Geo Week News

January 15, 2018

The Golden Mean: A better way to keep up with 3D tech

Aristotle never saw a point cloud, but he can still teach you a thing or two.

Of all the lessons I learned in high school, none has stuck with me more than the humanities lecture I received on the Golden Mean. Given my chosen field of avocation, I don’t think it is a coincidence that a philosophy associating beauty, truth, and mathematics would resonate with me over the years. As a result, anytime I find myself at a crossroads when making a decision, I make certain that I know not only which option I want to pick, but also both extremes of the available options.

As I enter 2018, I find myself back at a crossroads that I seem to visit rather often—Do I take the creative path or the reactive path? During previous visits to this juncture, I was working as a consultant. Perhaps unsurprisingly, I tended to lean toward the creative path. After all, my clients were reacting and bringing problems to my doorstep looking for a creative solution. I needed a bag full of creative solutions on-hand when they arrived!

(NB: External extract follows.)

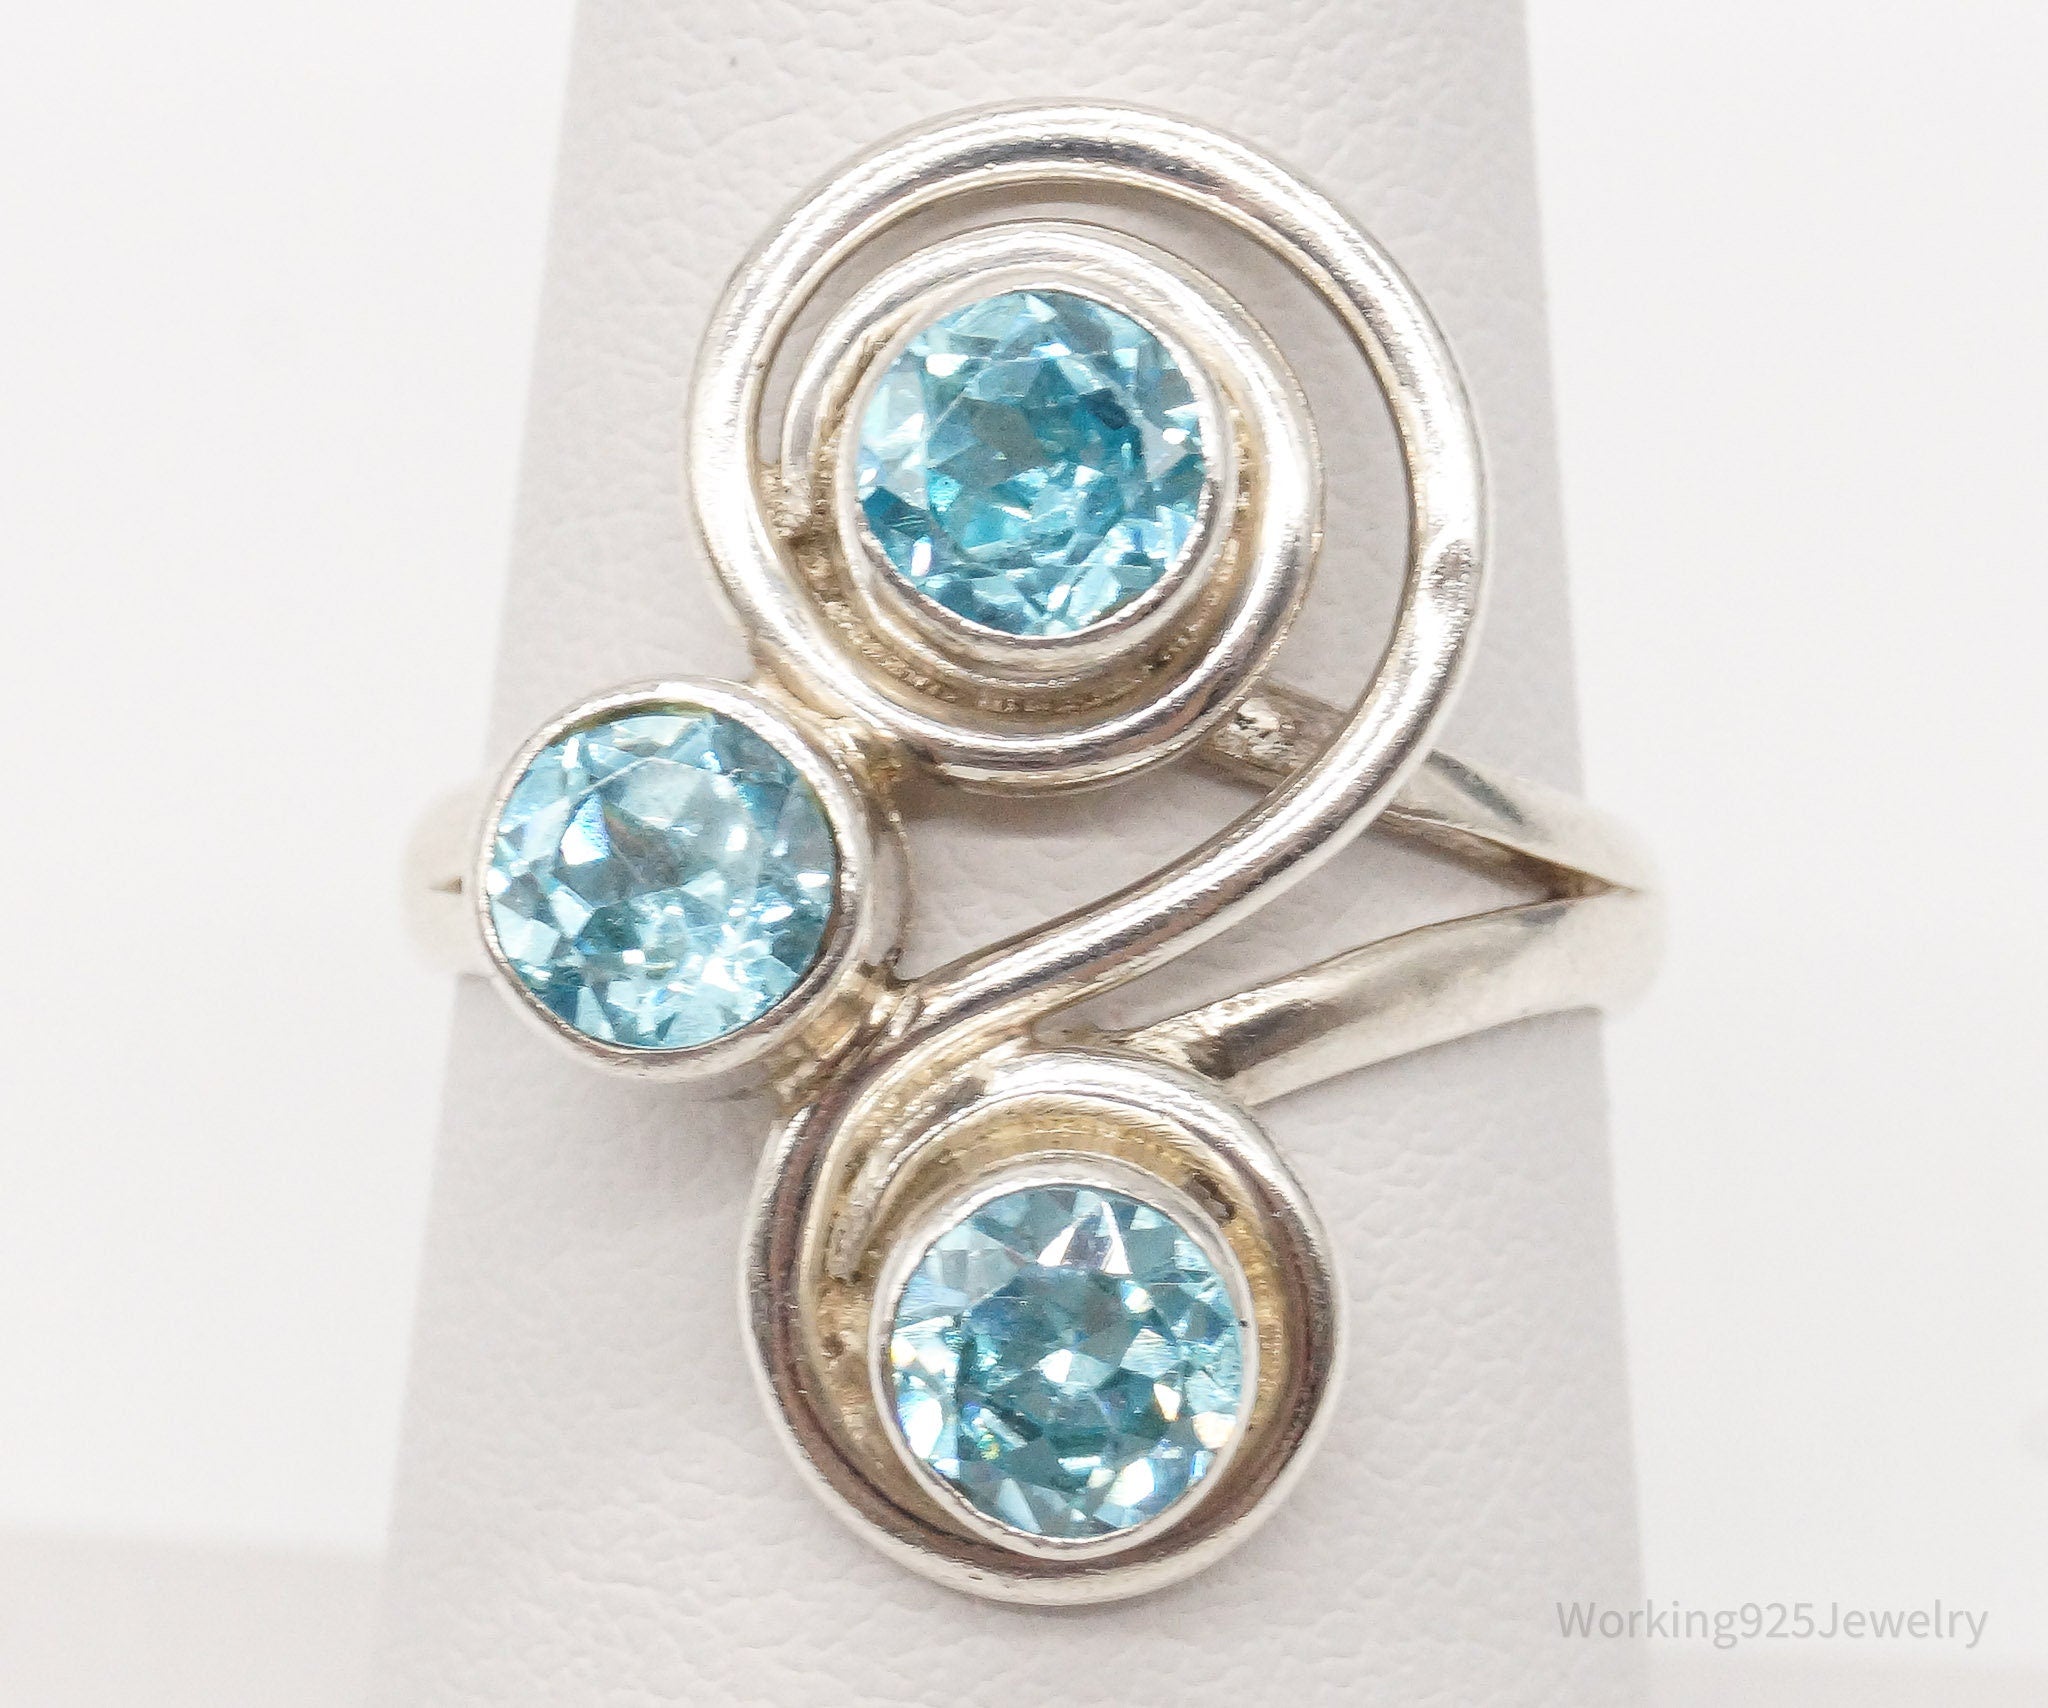 Vintage Aquamarine Sterling Silver Ring - Size 7

Today, I am in-house at an engineering firm. I don’t think I will surprise any of you when I say that engineers tend to be risk-adverse. As a consultant you live in a “start-up” world where budgets tend to be heavy in R&D because the “big one” is always right around the corner. At an established engineering firm, you are locked into market rates for services and don’t have a lot of opportunities to upcharge for a creative solution. Growth requires a high percentage of hours to be billable, which means entire departments of CPAs and a relentless focus on staff productivity through billable hours. The result is that you get stuck in “reaction” mode.

I don’t want to do that. But I no longer have my big R&D budget. So, what’s a guy to do?

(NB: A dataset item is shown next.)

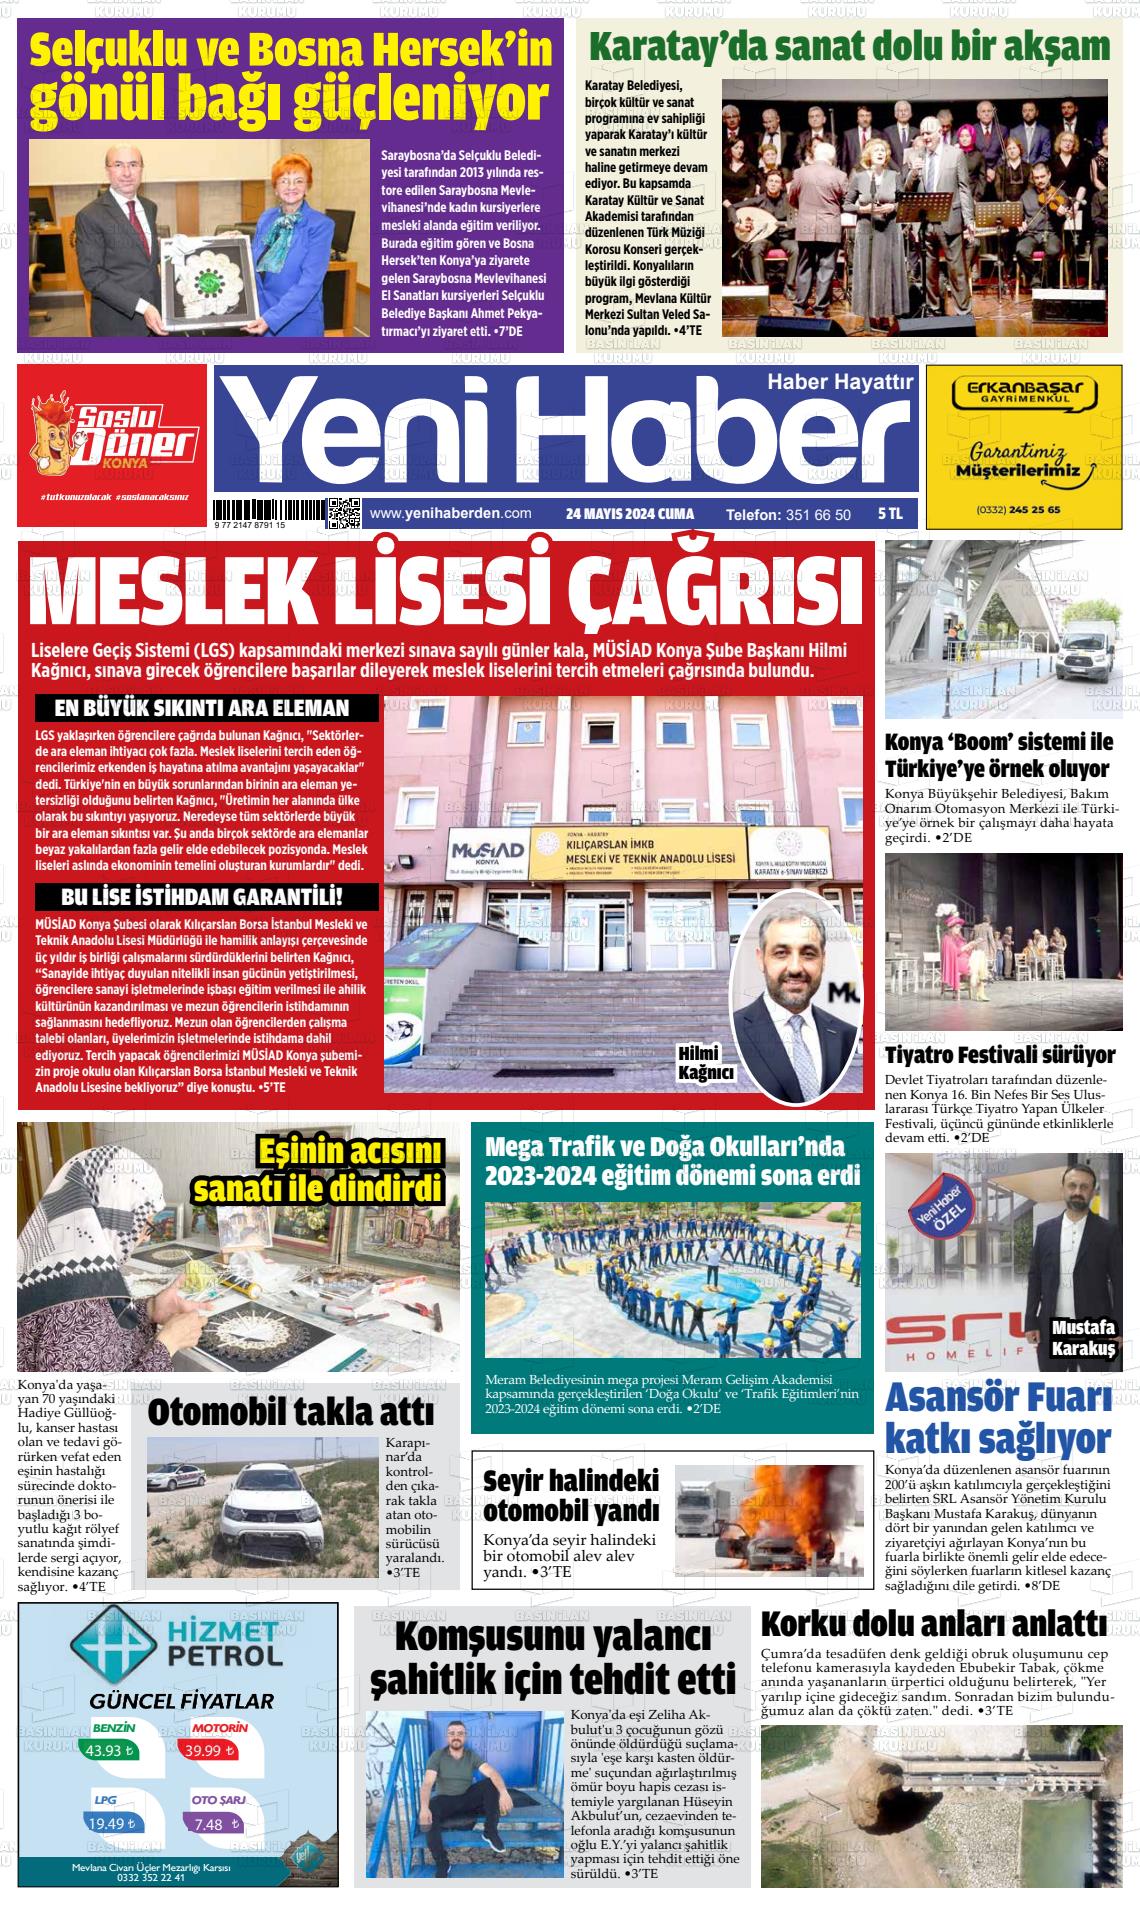 YENİ HABER Gazetesi

Well, I can’t do it all, that’s for sure. The reality of my current situation means that I will have to place time restrictions on myself. In the past, I’ve done this by choosing certain technologies to follow while others have had to fall off of my radar. However, that approach burned me last year. I wrote off using UAVs in production and focused elsewhere—until external forces made my error obvious. This forced me to double up on R&D in that area to make up the lost ground. I’d like to avoid that as well this year.

After staring at those two words for some time this past weekend, it suddenly hit me that “creative” and “reactive” are both made of the same letters. The only difference is where you see the “c.” If you see it first, it’s creative. If you see “re” first, it’s not. It’s an important distinction given the meaning of the prefix “re-”. While the primary meaning of the prefix is “again,” the secondary meaning is “back” or “backward.” The more I look at it, the more I’m struck by the idea that when you fail to create, you are forced to react, or to go back and see what you missed “c-ing.” [Editor: grooooan. =)]

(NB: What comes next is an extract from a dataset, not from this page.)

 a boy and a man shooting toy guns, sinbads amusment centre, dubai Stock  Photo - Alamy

So, this year, I am resolved to spend more time seeing, and a bit less doing in the R&D department. Hopefully this will allow me to be able to react more quickly, as I won’t acquire the immense overhead of time formulating production procedures for technologies we may never use.

I think that the acquisition of information is probably the least costly bit of the entire R&D process, since it’s mostly just reading and a bit of conference attendance. My goal is 10 hours a week, combined, on R&D this year. Admittedly, some of this will have to be outside of work hours i.e. on my own time. Good thing I enjoy the things I work with!

Is this the golden mean I am hoping for? I don’t know. And I probably won’t know until this time next year. However, I know the extremes of simply waiting to react, or trying to create a new market from scratch, are paths I do not want to take. How are you guys charting that path this year?